Review: Observability Engineering

A couple of days ago I decided to give O’Reilly’s subscription offering a try. While I eventually decided not to extend the trial period into a whole year, I wanted to make the best out of those 10 days and read “Observability Engineering” by Charity Majors, Liz Fong-Jones, and George Miranda.

The authors manage to give a great overview about the whole debate around what’s the big difference between observability and monitoring. While I was at least partially aware of the differences, I didn’t know that the focus is so completely different, with it lying on individual users instead of the overall system.

They also succeed in making the necessity of observability very clear. Preparing metric collectors for all those things that could go wrong in a modern, distributed system is no longer feasible. Instead, the system should allow an observer to explore its behaviour and drill down through events and attributes to debug issues.

There is also no longer a single user-experience. Instead, the system might work perfectly for some served by one server while for others it might seem completely broken. Also here, events/traces focus more on specific user-journeys instead of trying to put the state of the whole system into very abstract and aggregated numeric values (metrics).

But the book doesn’t stop at this high level but also includes a quick introduction to OpenTelemetry and guest chapters by engineers at Slack about how they make their systems observable and streamline the process using an “observability pipeline”. This and the chapter about various sampling strategies are perhaps my absolute highlights here as they answer some the question marks I’ve had flying around in my head for a long time!

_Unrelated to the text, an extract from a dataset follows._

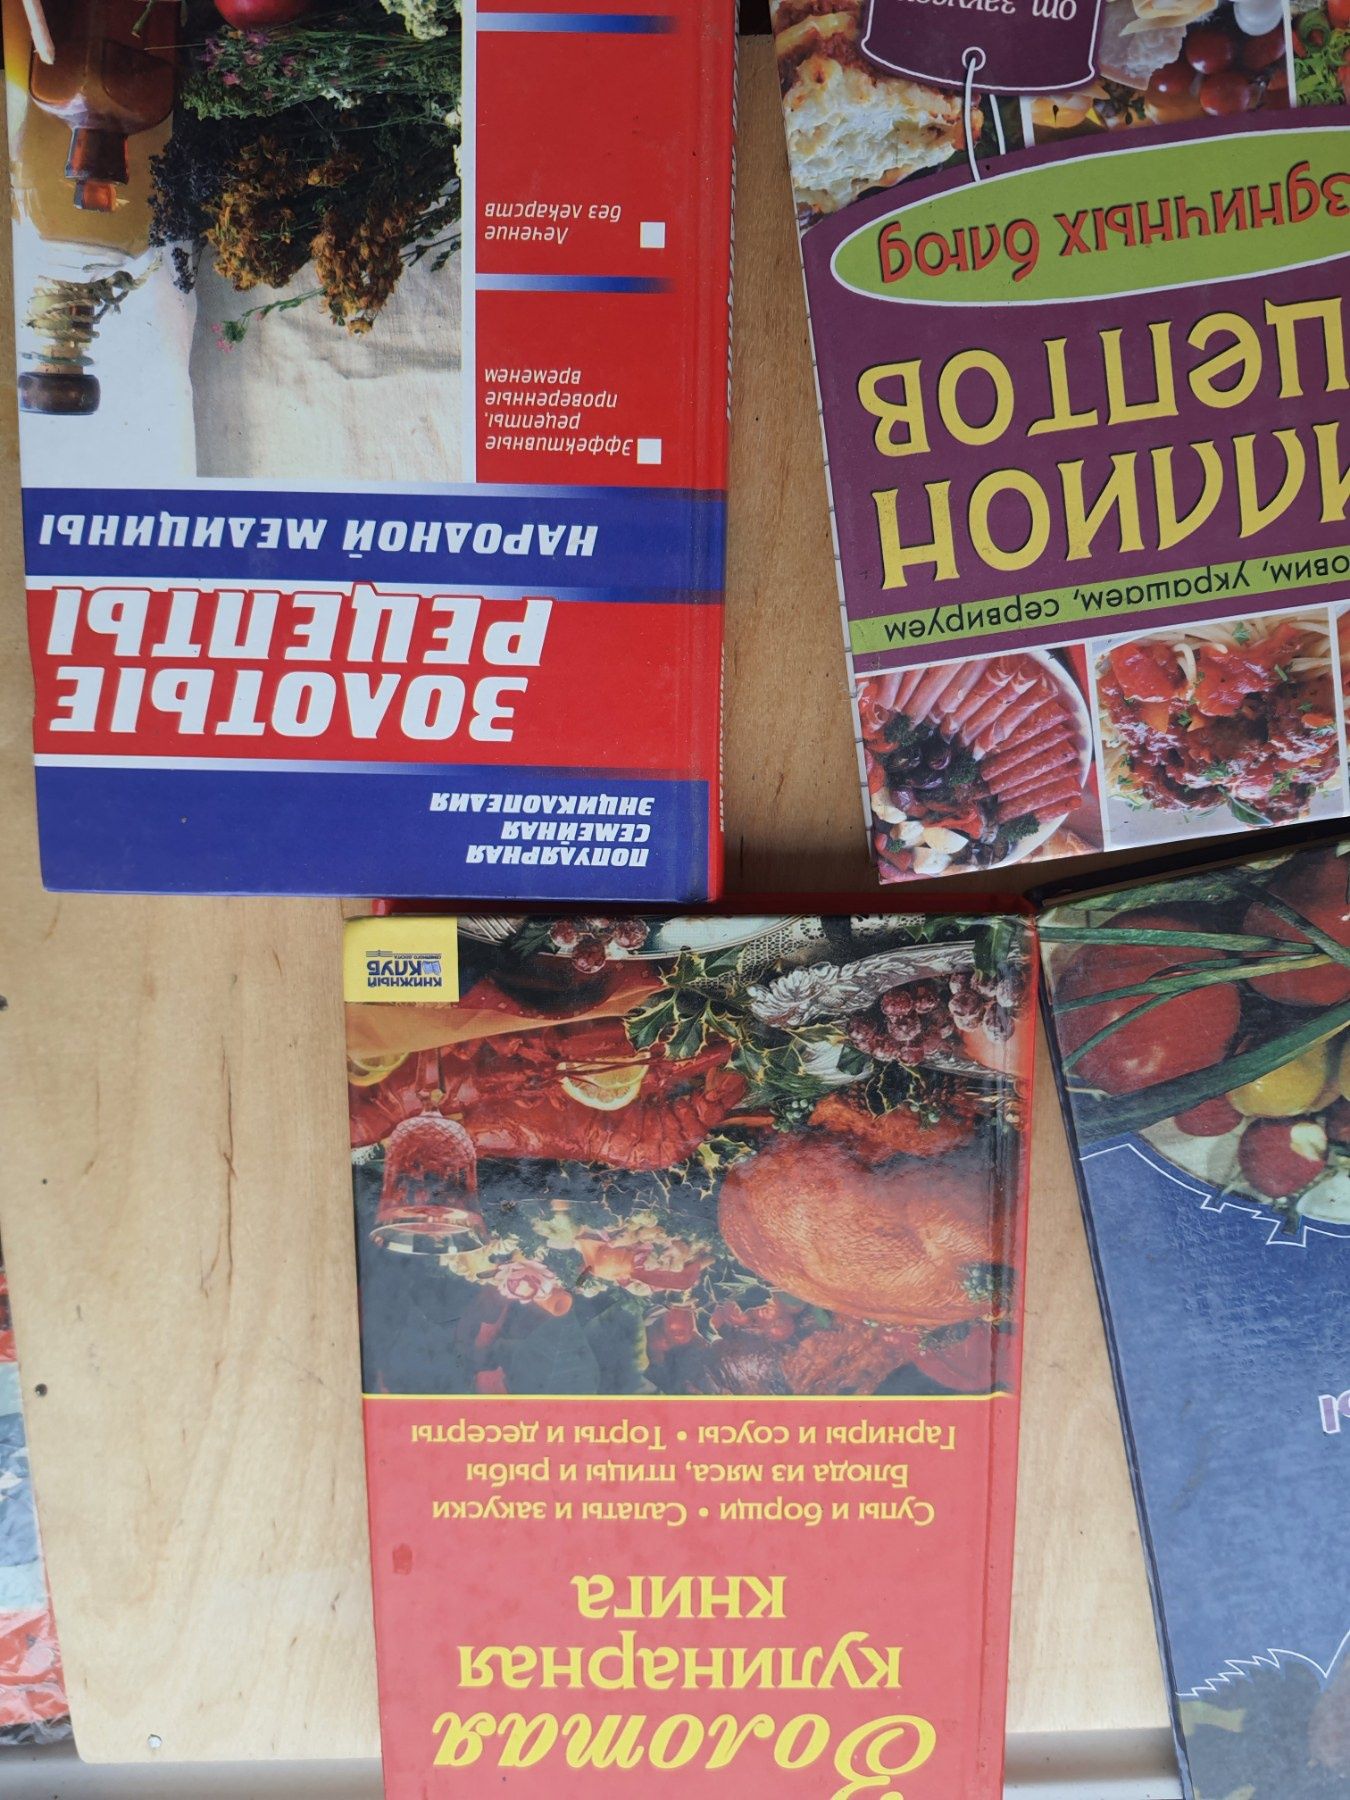 Книги рецептів кулинарные, блины, вафли, рецепты здоровья

For a second edition I’d like to have a bit less repetition, though. Especially the chapters about how to introduce observability at a company and the “Observability Maturity Model” mostly reiterate again and again on the primary motivators already presented in the first couple of chapters. Personally, I’d also have liked to see some more guest chapters from different companies that are not using Honeycomb. While it at least seems that the authors really tried to not focus on Honeycomb products, they only partially succeeded.

Except for these few points I really enjoyed the book and can recommend it to anyone working as software engineer.